But none of these great lawyers ever thought that trespass would lie by the person struck against him who first assaulted the striker. The cases cited from the REGISTER and HARDRES are all of immediate acts, or the direct and inevitable effects of the defendant's immediate acts. And I admit that the defendant is answerable in trespass for all the direct and inevitable effects caused by his own immediate act.

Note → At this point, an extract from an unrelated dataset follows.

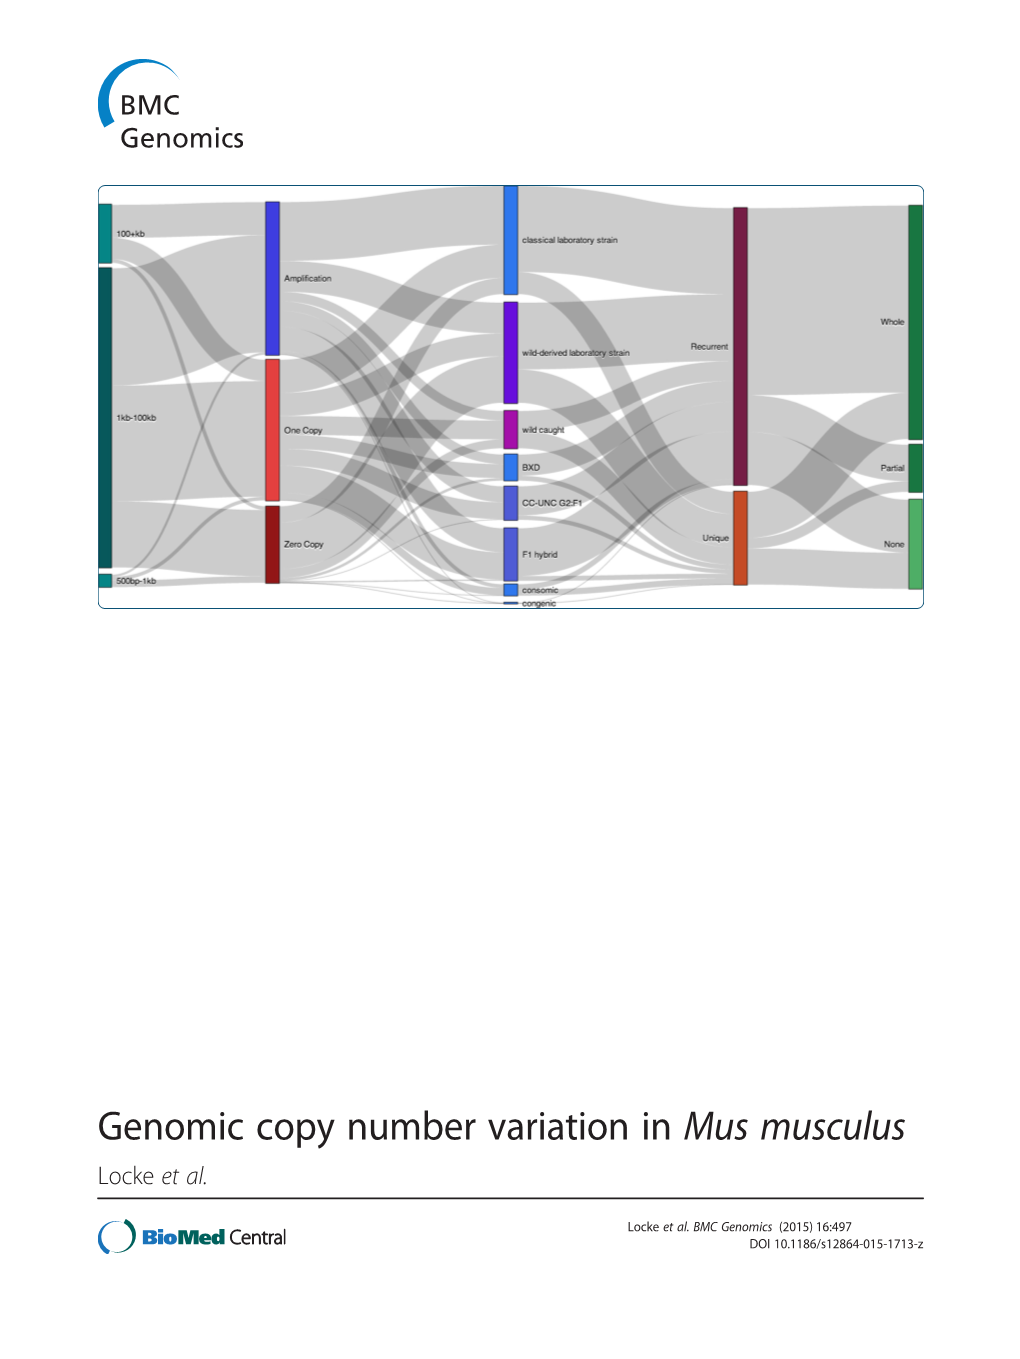 Genomic Copy Number Variation in Mus Musculus Locke Et Al

But what is his own immediate act? The throwing the squib to Yates's stall. Had Yates's goods been burnt or his person injured, the defendant must have been responsible in trespass. But he is not responsible for the acts of other men. The subsequent throwing across the market-house by Willis is neither the act of the defendant nor the inevitable effect of it; much less the subsequent throwing by Ryal. . . . The same evidence that will maintain trespass may also frequently maintain case, but not a converse. Every action of trespass with a "per quod" includes an action on the case. I may bring trespass for the immediate injury and subjoin a "per quod" for the consequential damages; or may bring case for the consequential damages and pass over the immediate injury, as in Bourdon v. Alloway before cited. But if I bring trespass for an immediate injury and prove at most only a consequential damage, judgment must be for the defendant: Gates v. Bayley. It is said by LORD RAYMOND, and very justly, in Reynolds v. Clark:

"We must keep up the boundaries of actions, otherwise we shall introduce the utmost confusion."

As I, therefore, think no immediate injury passed from the defendant to the plaintiff (and without such immediate injury no action of trespass can be maintained) I am of opinion that in this action judgment ought to be for the defendant.